Jennifer Louie, who works for UGO Entertainment, says she and the people around her regularly dress for a different season than the one outside.
“I have a blanket I put over my legs,” she says. “Everyone has extra clothes they throw on when they’re here. I have to go outside to thaw out!”
Alexandra, who also works in a Manhattan office, has a more inventive solution to the chill: “I obsessively chew wads of gum,” she says. “Somehow chewing makes me feel warmer. I also drink hot things.”
But for every tale of frozen woe, there’s an equal and opposite complaint about excessive sweatiness. Steve Lee, an architecture professor at Carnegie Mellon University, has studied HVAC (heating, ventilating and air conditioning) systems extensively, and says the hots and the colds are locked in a never-ending struggle.
“Data shows that the number-one complaint is ‘It’s too hot,’ and number-two is ‘too cold,’ ” he says. “The problem is, the traditional American engineering approach is ‘one temperature suits all.’ They calculate the percentage of people dissatisfied, and they figure they’ve done a fantastic job if only 20 percent of people are dissatisfied. It’s bizarre.”
Lee gave us a little air-conditioning 101, and what we learned wasn’t pretty. The way most systems work, he explains, is by mixing outside air and refrigerated air and delivering it through the same duct – so that when the AC gets turned off, so does your fresh air source. “When the thermostat says it’s getting too cool, it cuts off the flow of air. That’s the air you need to breathe. So as the space heats up, CO2 builds up from breathing so you get sleepy and sick.”

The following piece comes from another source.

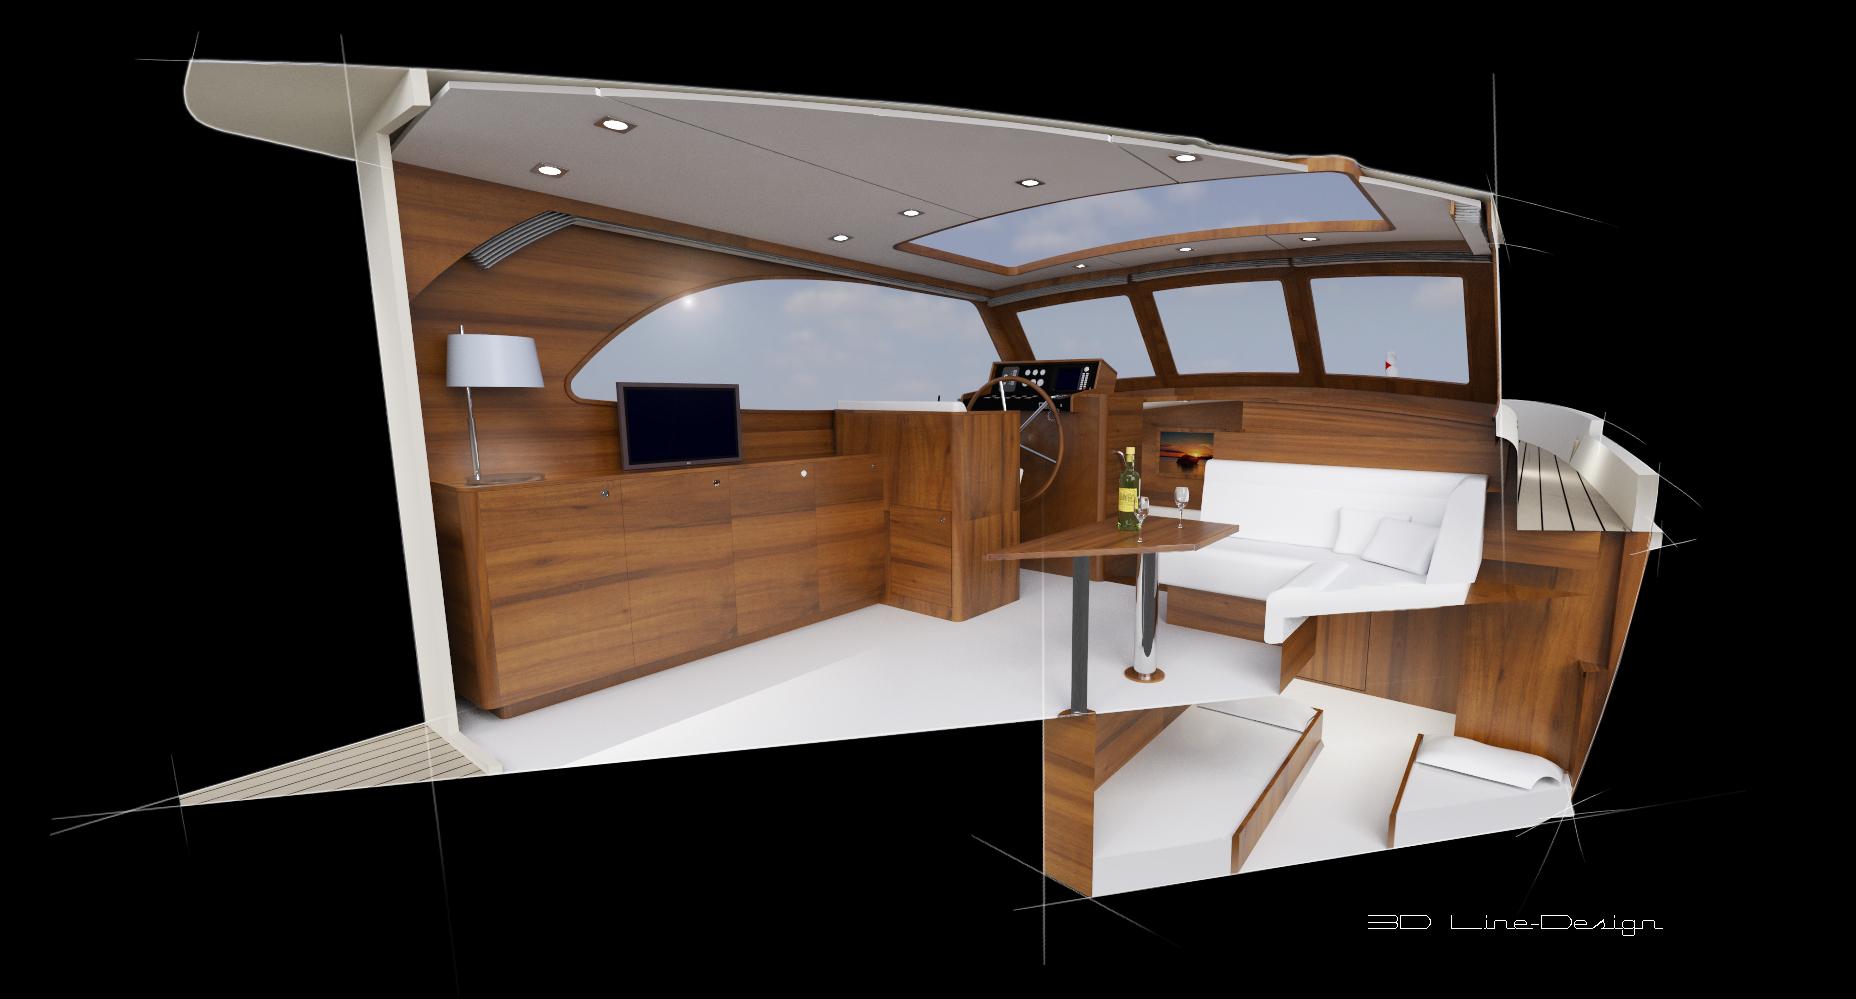 Zwart met witte lijnen zon 3d line design3d line design - Zwart design lounge en witte ...

No wonder it feels so stuffy (which, incidentally, is the number-three complaint).
Help may be on the way, though; a newer and more efficient system circulates chilled water to cool the air instead. But there are drawbacks in these buildings, as well: “My office is freezing 24/7,” says Jon Solomon, who works at Princeton radio station WPRB. “I have the room set to 90 and it is still chilly. This system works too well, in my opinion.”
Some say we wouldn’t need all this drastic refrigeration in the first place if people would just slim down a bit. Renee Grant-Williams, a vocal coach and former New Yorker, is a longtime crusader against excessive AC, and thinks it’s directly linked to obesity. “My assistant was 45 pounds overweight, which she has since lost, and she used to complain about how warm it was in summer,” she says. “Now she complains about how cold it is.”

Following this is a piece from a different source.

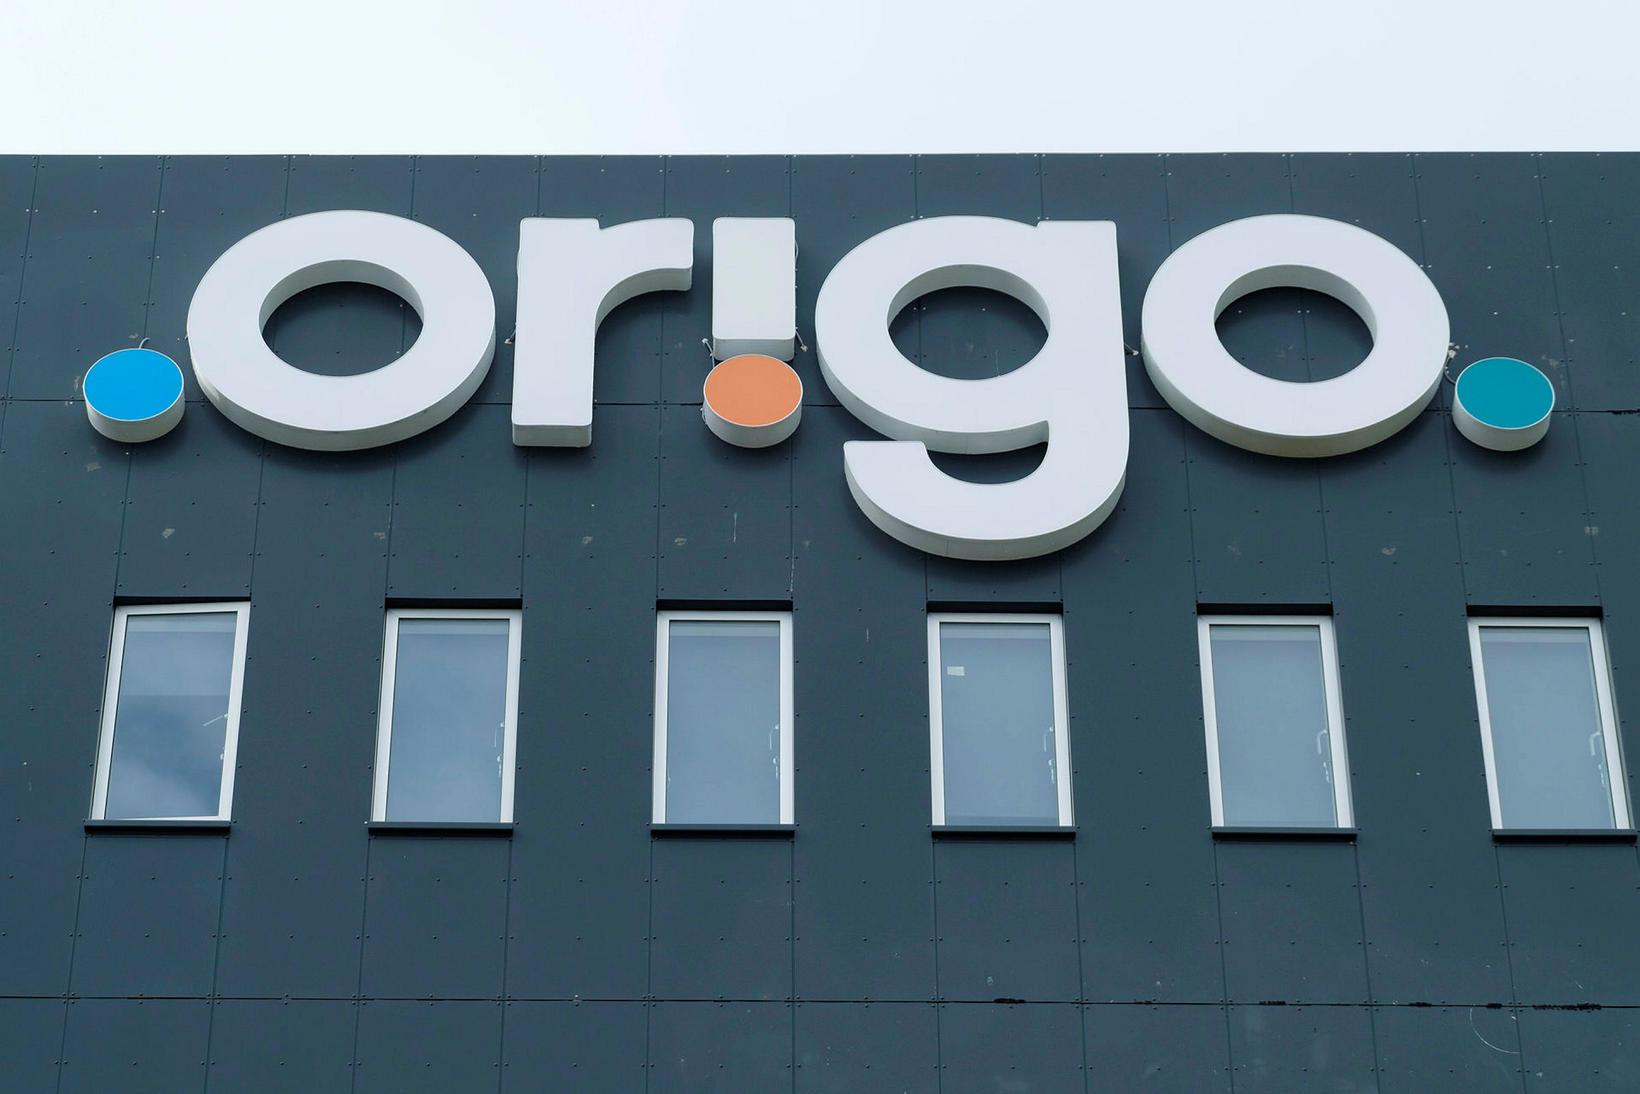 Origo sérhæfir sig í þjónustu á sviði upplýsingatækni.

Mary, the disgruntled publisher, couldn’t agree more. “Because it’s freezing all of the time, our bodies are tricked into thinking we’re headed into a long winter and are then triggered to want to load up on calories to develop a fat layer to stay warm,” she theorizes.
“My boss most certainly does not need the extra calories,” she adds. “I’m feeling mean today. Maybe it’s because freezing my a – – off makes me bitchy!”
But perhaps the worst discovery of all was the dirty trick used by some frustrated building managers whose tenants just won’t shut up. Turns out a little psychology is a lot cheaper than calling in a maintenance team.
“When there are a lot of complaints that come in, they’ll have a fake thermostat with double-stick tape they put on the wall,” says Professor Lee. “Research shows complaints go down immediately when people have a little dial on the wall.”